If the author wasn't Gerald Weinberg (GW) I may have passed on this book based on the title, thinking it was about how non-programmers can understand programmers. But the book is really about how to be a successful programmer.

I enjoyed the book. This is true for almost all of the books I've read by GW - seems I either enjoy them or don't understand them.

This book I definitely understood. A lot of the material hit home and caused introspection. Although the book was published in 1988 its concepts are timeless. In fact, as I read the book I recognized themes that I've seen explored in contemporary books, such as code quality, productivity measurement and constant learning.

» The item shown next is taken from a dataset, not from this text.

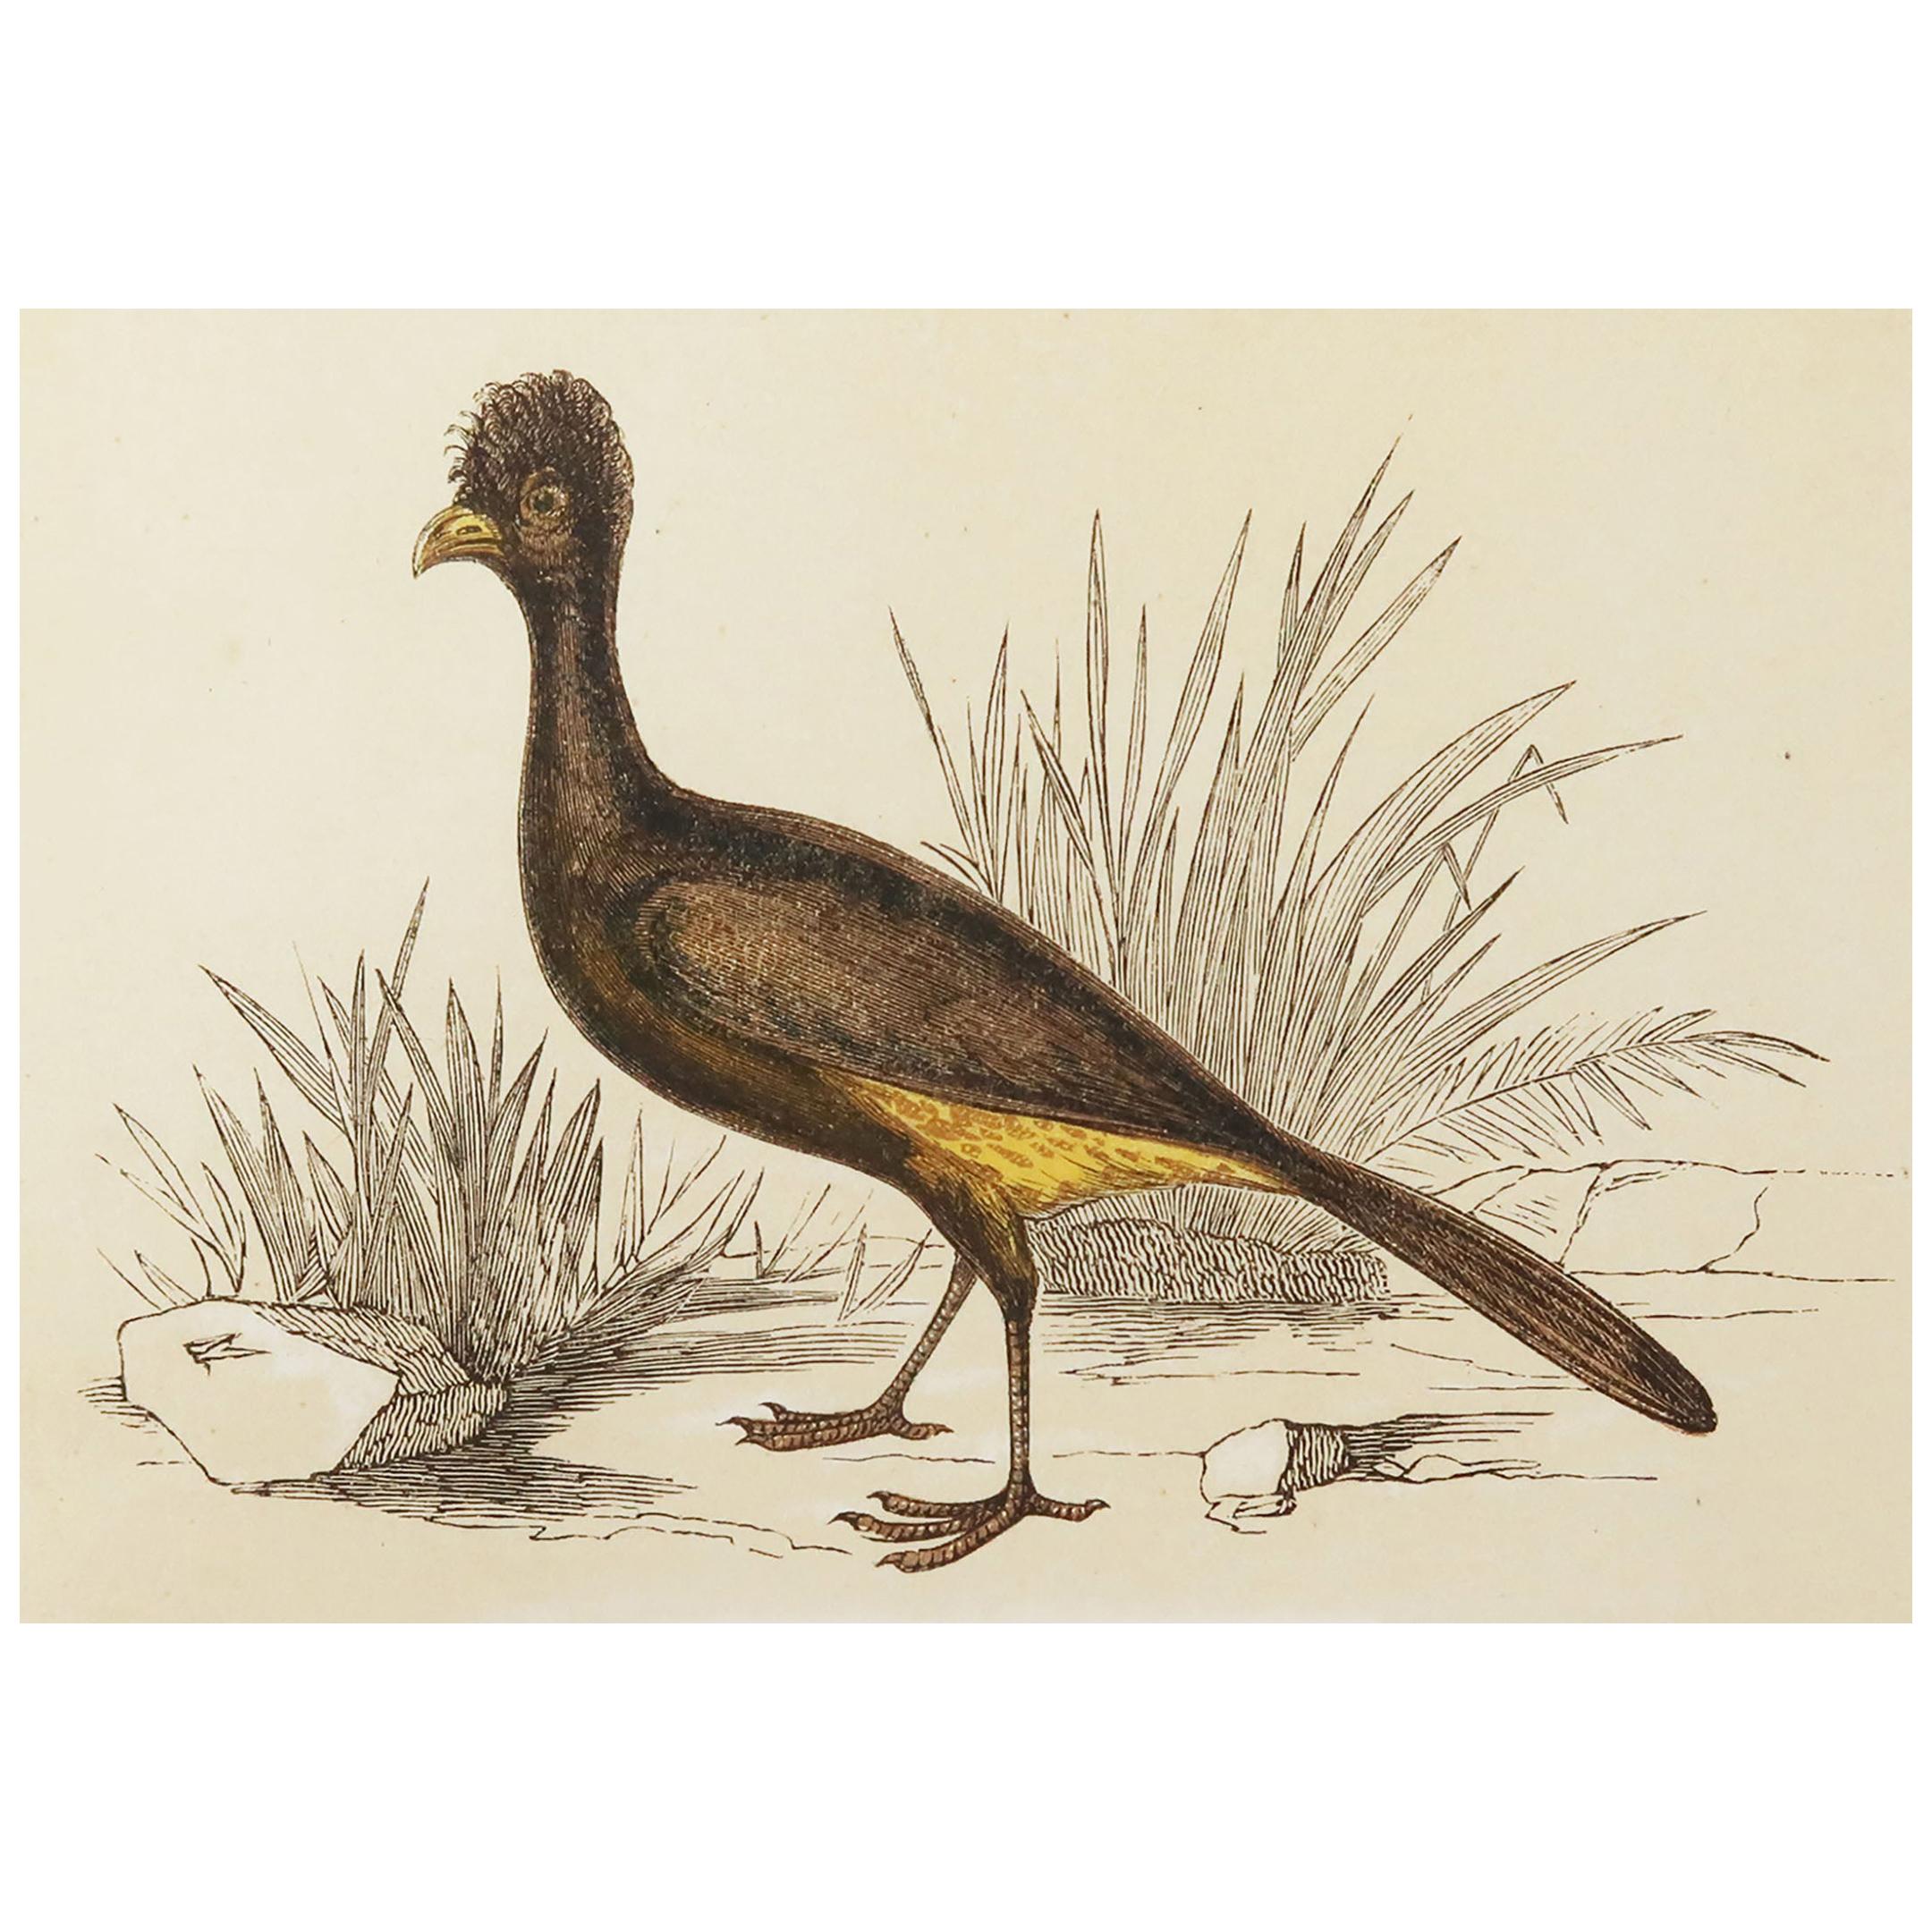 Original Antique Bird Print, the Crested Curassow, Tallis, circa 1850

The book presents the following definitions and examines them in the context of steadily improving performance:
Professional - Having great skill or experience in a particular field of activity
Programmer - A person who solves problems for other people

I was able to relate to many of the book's insights - for instance:
  • Not all programmers qualify as professional, but few can tell the difference
  • Without professional programmers installations tend to drift into mediocrity
  • Writing code is not always recognized as a separate skill, talent or profession
  • In ill-defined situations programmers will define the problem they'd like to solve
  • Non change is the rule, and change is the exception
  • The inability to change eventually leads to dramatic or catastrophic change
  • An average programmer's needs are: belonging, esteem and self-actualization
  • Some programmers are too eager to code and too reluctant to think
  • A programmer may prove that a program does what he thinks it should do, but he cannot prove that what he thinks it should do is what the user wants it to do

I especially liked the book's fables. My favorite is The Butterfly and the Buttercup which ends with the following moral:
It's well nigh impossible for those who are motivated by productivity to understand those who are motivated by quality - and vice versa.


There are many amusing sections. For example, Weinberg's Precious Programming Principles. Some that made me chuckle:
  • Standards aren't standard
  • An ounce of prevention is worth a pound of cure, but management won't pay a penny for it
  • Specifications, design and coding can be done at any speed - only debugging takes time

The takeaway for me was the Professional Expiration Test: When learning's finished, you're finished. To that end, I'll continue to read GW's books.